Distinse uno strascichio di passi all'interno, a cui seguì il cigolare lento delle mandate nella serratura. Attese che si aprisse uno spiraglio, poi spinse con furia, prendendo Giulio in pieno petto.
Si ritrovò all'interno di un'ampia stanza, illuminata unicamente dal cono di luce che filtrava dal pianerottolo. Appena riuscì a individuare la sagoma piegata dell'uomo che si massaggiava dolorante, gli si avventò contro, spingendolo nel buio.
«Ipocrita! Bugiardo! Come hai osato? Come hai potuto?»
Brancolando nella penombra, Giulio provò a immobilizzarla. Ne seguì una lotta convulsa, dove lui alla fine riuscì ad afferrarla per un braccio e a farla roteare, bloccandola contro di sé. La strinse forte, pressandole la bocca sulla nuca e ripetendo più volte di calmarsi. Il suo alito puzzava di alcol.

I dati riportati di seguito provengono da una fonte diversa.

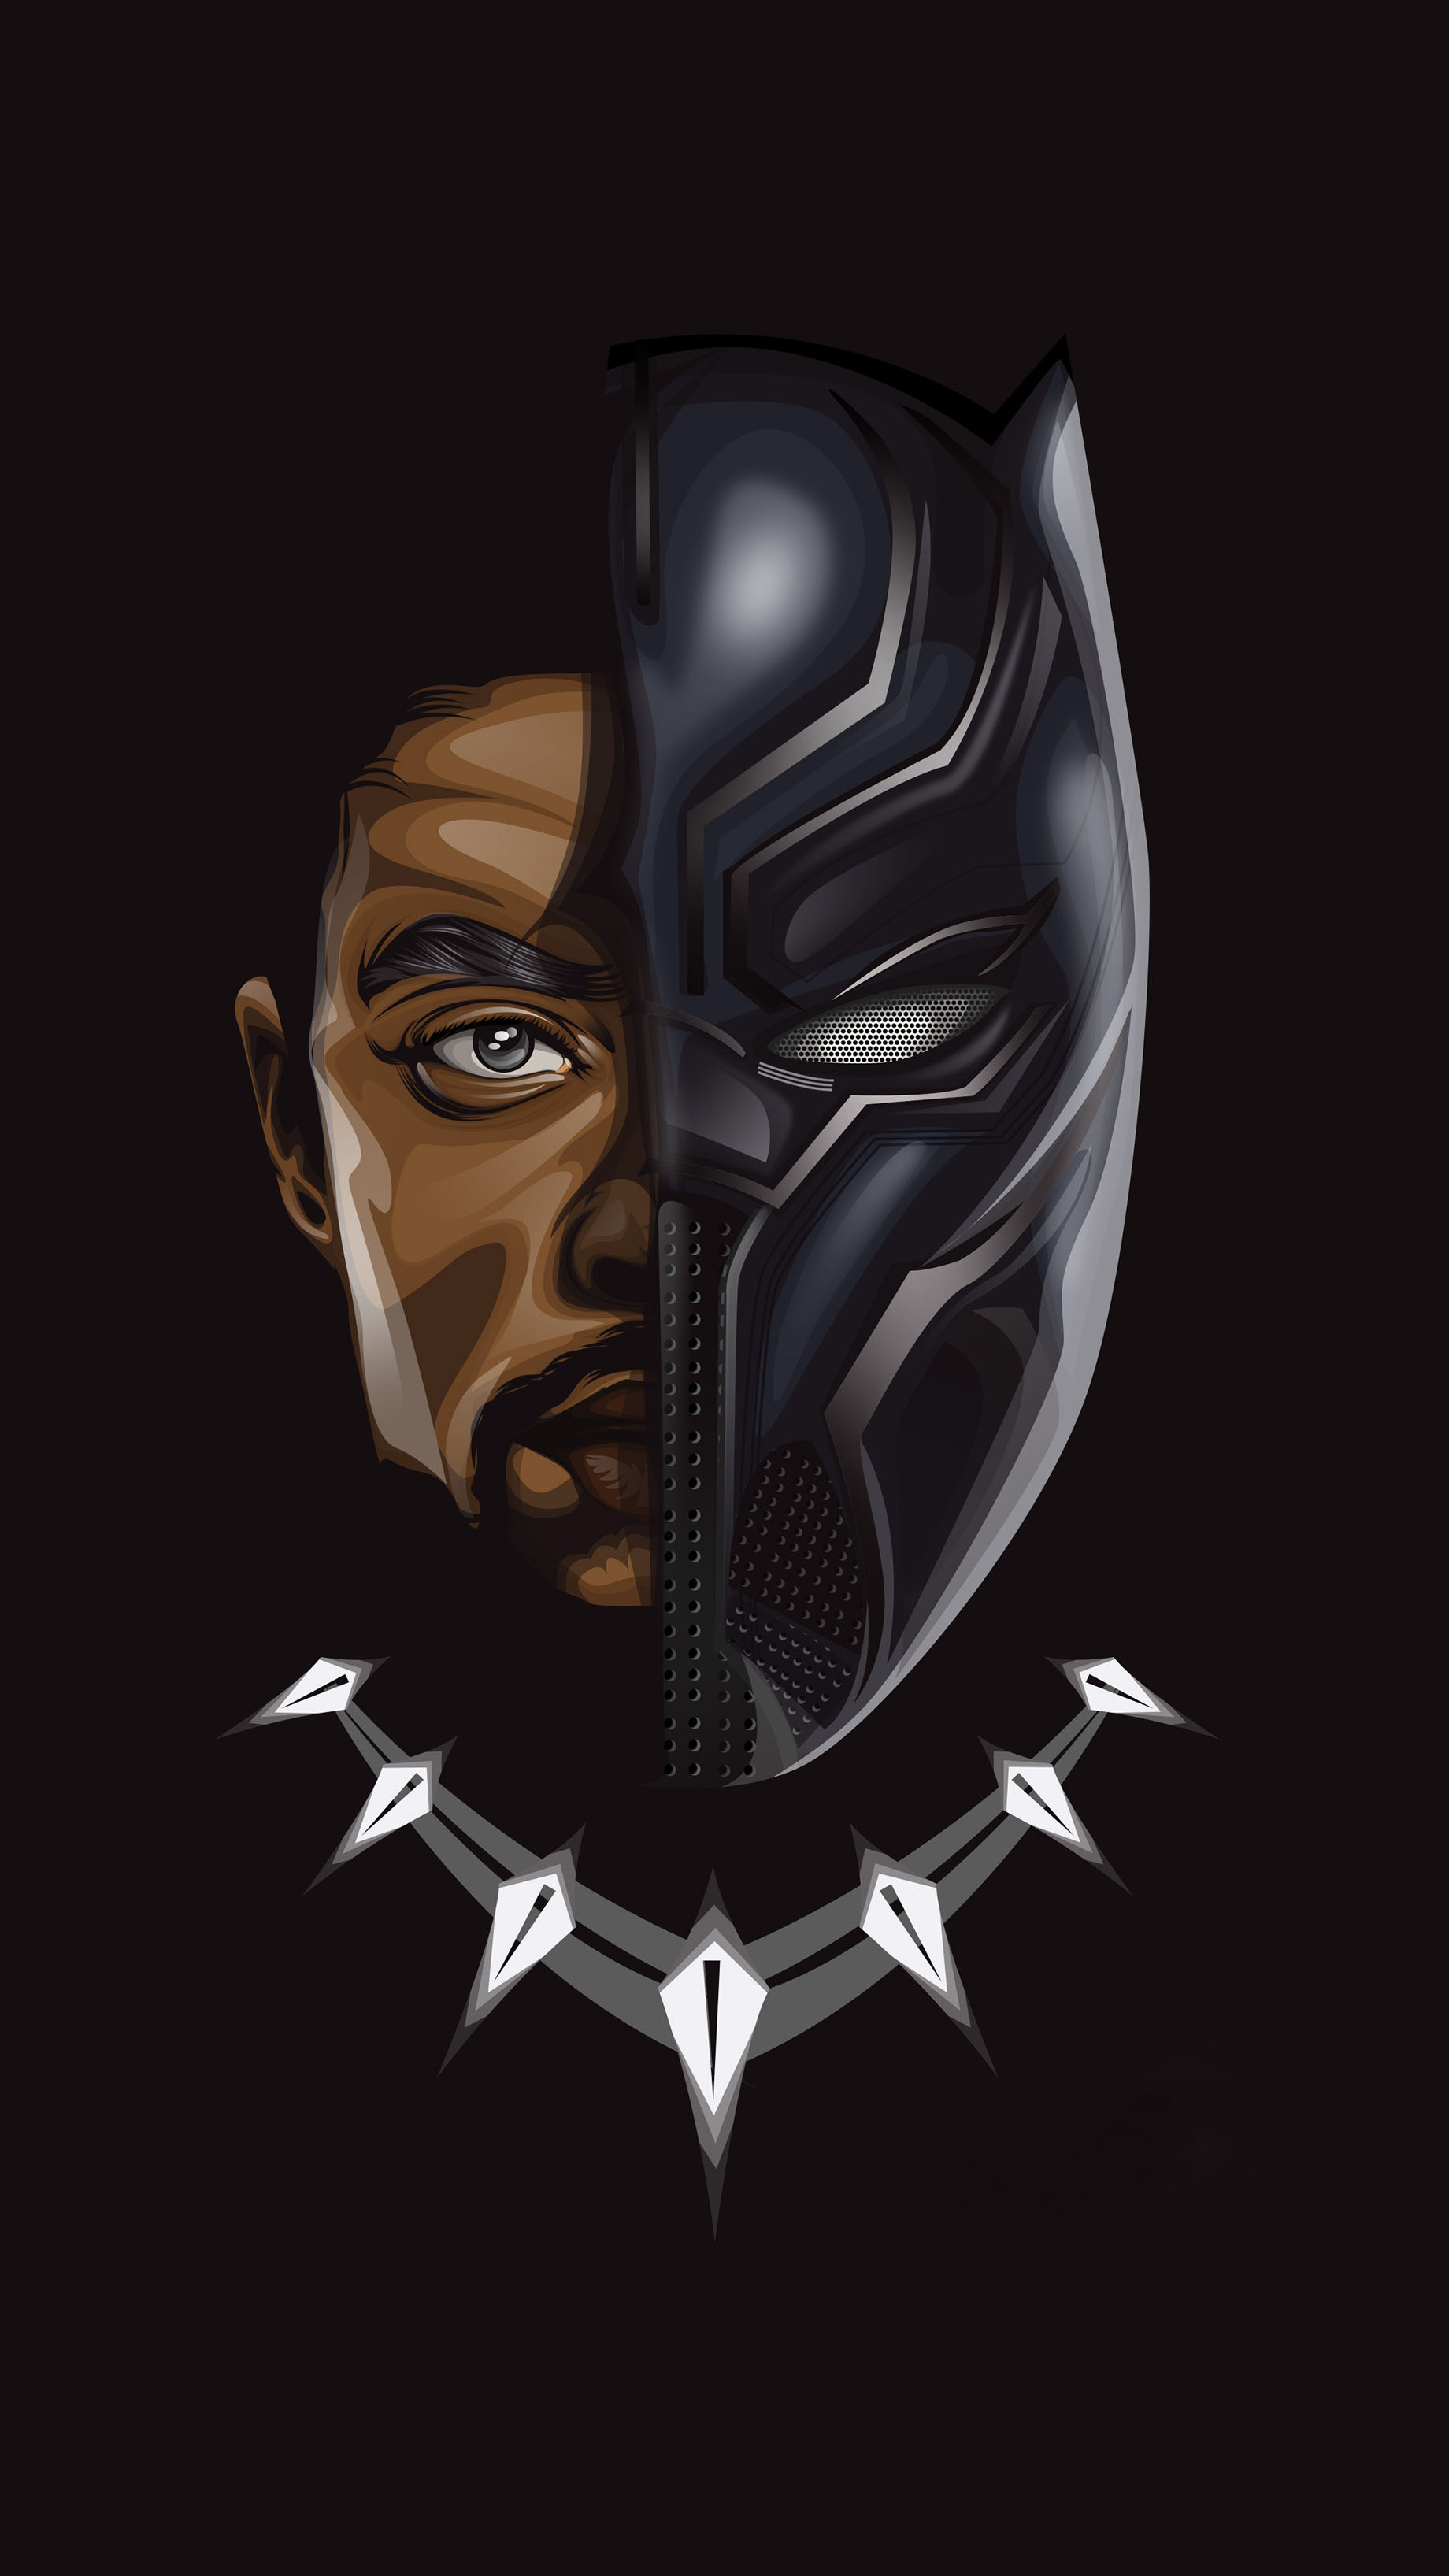 Black Panther Wallpaper - IPhone Wallpapers : iPhone Wallpapers

Con una smorfia Violetta cercò di liberarsi dalla morsa, ma capendo subito di non esserne in grado, abbandonò le forze, accasciandosi al suolo. Giulio la seguì nel movimento e rimasero agganciati per terra col respiro corto.

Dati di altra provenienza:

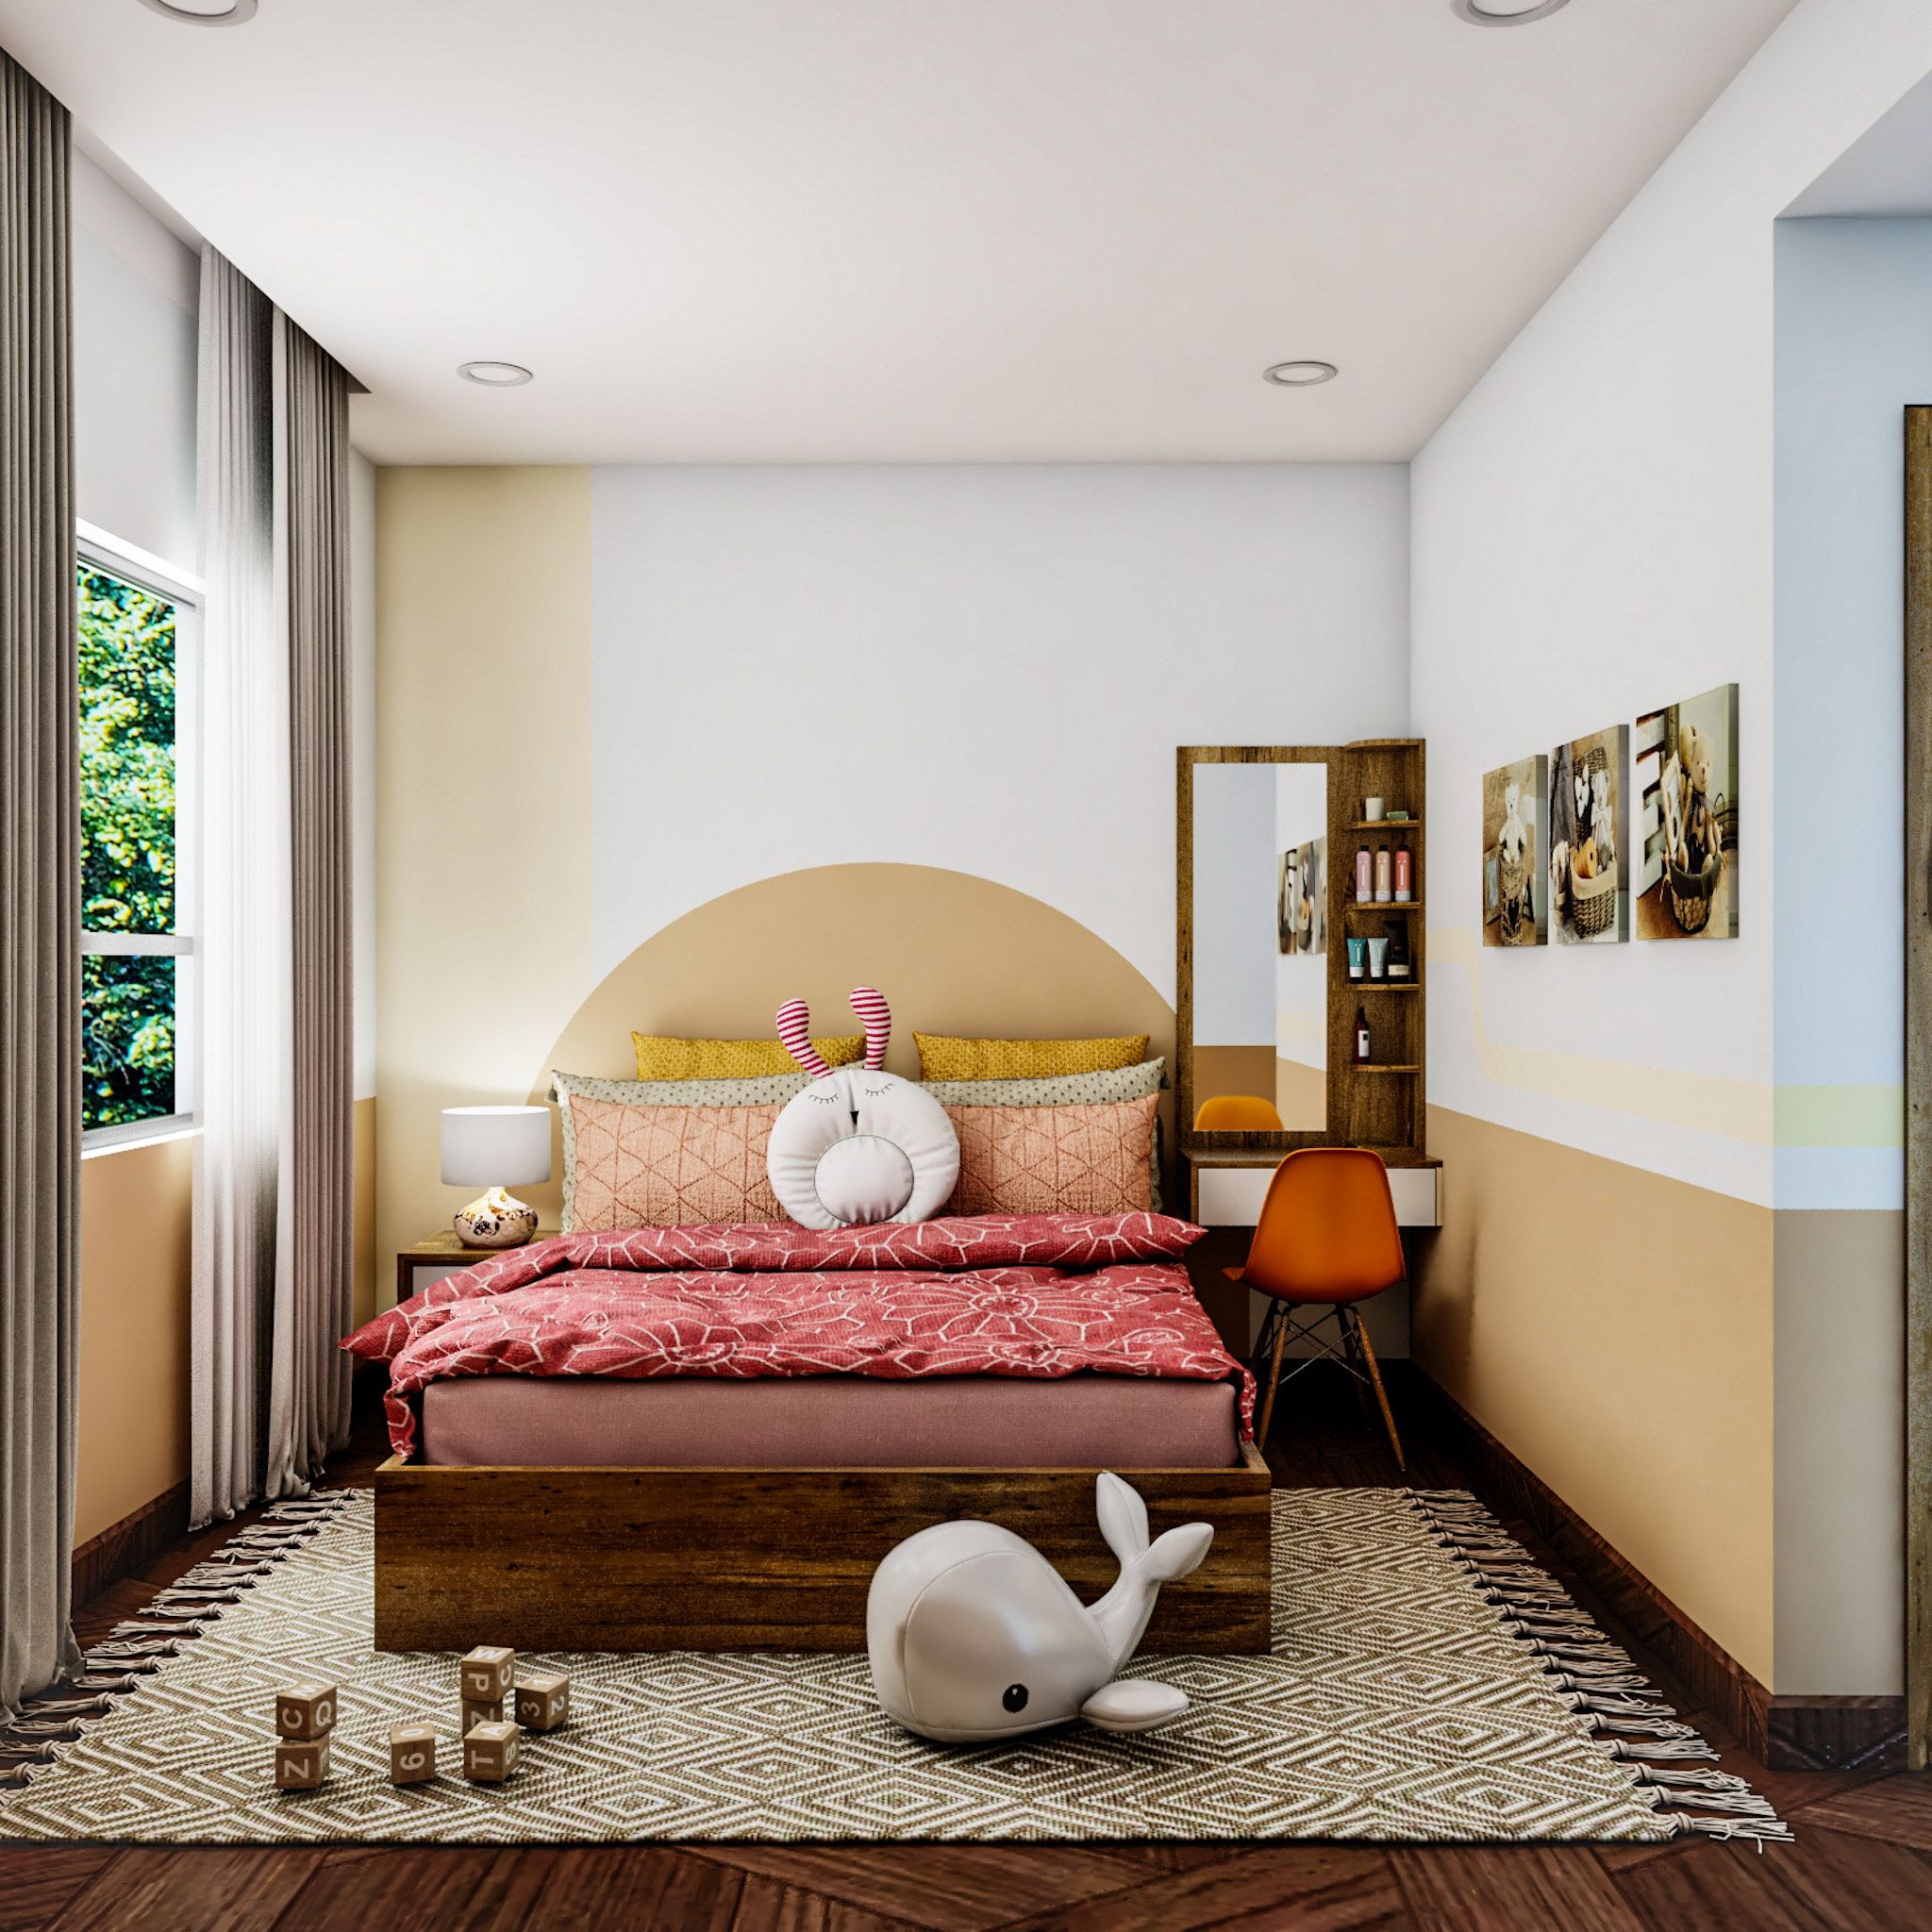 Contemporary Kids Room With A Wooden Double Bed And Dual-Tone Wall Design

«Mi dai la nausea» mormorò lei, tentando debolmente di divincolarsi. Giulio la lasciò libera e si rimise in piedi, appoggiandosi al muro.
«Vedo con piacere che sei passata a darmi amichevolmente del tu.»
Chiuse la porta d'entrata e la stanza restò avvolta dall'oscurità. Violetta percepì i suoi movimenti sicuri e udì l'aprirsi di un'altra porta. Subito dopo l'ambiente fu scaldato da un bagliore rosato proveniente dalla camera adiacente.
«Stasera c'è qualche difficoltà con il sistema elettrico e qui dentro la luce non funziona.»
Le tornò vicino per aiutarla ad alzarsi, ma lei lo allontanò con disprezzo.
Giulio la guardò con freddezza e si spostò verso l'isola di divani posta sul lato destro del salone.
«Come vuoi, però ti avverto, sono molto ubriaco e faccio fatica a seguirti, quindi spiegami semplicemente perché ce l'hai con me.»



Violetta non reagì. Improvvisamente si sentiva svuotata e niente sembrava avere più senso. Perché si trovava lì? Cosa credeva di ottenere? A quanto era accaduto non si poteva rimediare. Tutto era troppo marcio in quella storia e ciò che le rimaneva era solo il disgusto e la voglia di andarsene. Si sollevò dal pavimento e si avviò per uscire, ma Giulio, con prontezza inattesa, corse a sbarrarle la strada.
«Eh, no! Tu non puoi venire qui, picchiarmi, insultarmi e poi sparire.»
Quel rimprovero bastò a riaccendere tutta la rabbia che l'aveva spinta fin lì.